Reputation: 3
I have a pretty large CSV file that contains data from 2009-2015. I am wondering if there is an easy way to split this file into smaller files on a per month basis. I could split the data into evenly sized chunks, but I would prefer to group the data by month.
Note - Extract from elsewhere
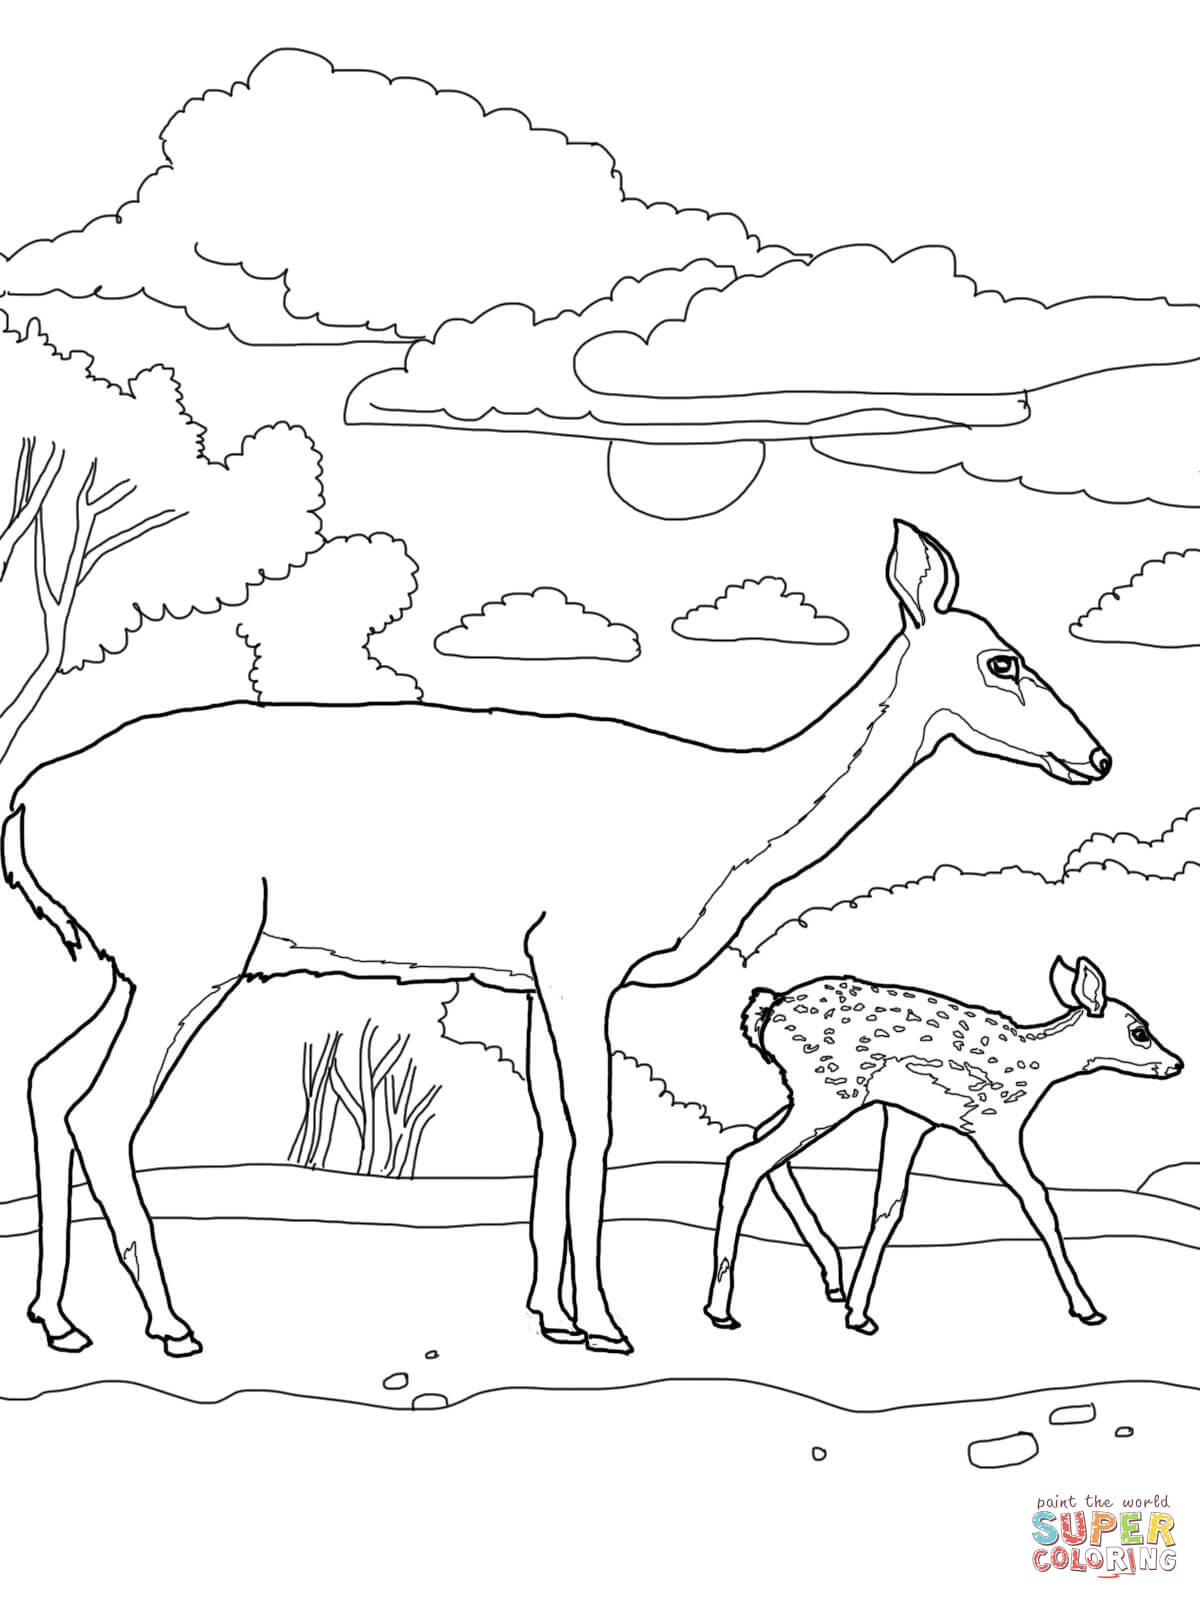 White-tailed Deer coloring #13, Download drawings

DateTime Price Bid Ask Size
2009-09-28 09:30:17 35.5250 35.49 35.56 100
2009-09-28 09:30:18 35.5600 35.49 35.56 100
2009-09-28 09:30:18 35.5600 35.50 35.57 100
2009-09-28 09:30:20 35.5000 35.42 35.56 100
2009-09-28 09:30:20 35.5000 35.42 35.56 100
2009-09-28 09:30:30 35.4600 35.46 35.52 100
2009-09-28 09:30:30 35.4600 35.46 35.52 100
2009-09-28 09:30:30 35.5000 35.46 35.52 100
2009-09-28 09:30:33 35.5100 35.47 35.51 100
2009-09-28 09:30:40 35.5100 35.48 35.51 200
2009-09-28 09:30:41 35.5100 35.48 35.51 100
2009-09-28 09:30:42 35.4803 35.48 35.51 100
2009-09-28 09:30:42 35.4800 35.48 35.51 1044
... ... ... ... ...
2015-04-07 15:59:59 94.1200 94.10 94.12 100
2015-04-07 16:00:00 94.2000 94.09 94.60 300
2015-04-07 16:00:00 94.2100 94.09 94.60 100
2015-04-07 16:00:00 94.1800 94.09 94.60 217
2015-04-07 16:00:05 94.1100 94.09 94.59 600
2015-04-07 16:00:09 94.1100 94.09 94.59 350
2015-04-07 16:00:32 94.1100 94.09 94.59 2804
2015-04-07 16:00:32 94.1100 94.09 94.59 1582
2015-04-07 16:00:32 94.1100 94.09 94.59 100
2015-04-07 16:00:33 94.1100 94.09 94.59 600
2015-04-07 16:00:35 94.1100 94.09 94.59 16702
[29195283 rows x 5 columns]
Upvotes: 0
Views: 566
Reputation: 16144
In [1599]: y.head()
Out[1599]:
Price Bid Ask Size
DateTime
2009-09-28 09:30:17 35.5250 35.49 35.56 100
2009-09-28 09:30:18 35.5600 35.49 35.56 100
2009-09-28 09:30:18 35.5600 35.50 35.57 100
2009-09-28 09:30:20 35.5000 35.42 35.56 100
2009-09-28 09:30:20 35.5000 35.42 35.56 100
If you want to group by month or year, you could do it with:
pd.groupby(y, by=[y.index.year])
By month:
In [1597]: pd.groupby(y, by=[y.index.month]).count()
Out[1597]:
Price Bid Ask Size
4 11 11 11 11
5 1 1 1 0
9 13 13 13 13
By year:
In [1598]: pd.groupby(y, by=[y.index.year]).count()
Out[1598]:
Price Bid Ask Size
2009 13 13 13 13
2015 12 12 12 11
In [1604]: y.groupby(pd.TimeGrouper(freq='M')).count().head()
Out[1604]:
Price Bid Ask Size
DateTime
2009-09-30 13 13 13 13
2009-10-31 0 0 0 0
2009-11-30 0 0 0 0
2009-12-31 0 0 0 0
2010-01-31 0 0 0 0
In [1605]: y.groupby(pd.TimeGrouper(freq='D')).count().head()
Out[1605]:
Price Bid Ask Size
DateTime
2009-09-28 13 13 13 13
2009-09-29 0 0 0 0
2009-09-30 0 0 0 0
2009-10-01 0 0 0 0
2009-10-02 0 0 0 0
Upvotes: 1
Reputation: 15433
In case of very large files, you might not want to put the entire file into a database or a list. You can do this instead.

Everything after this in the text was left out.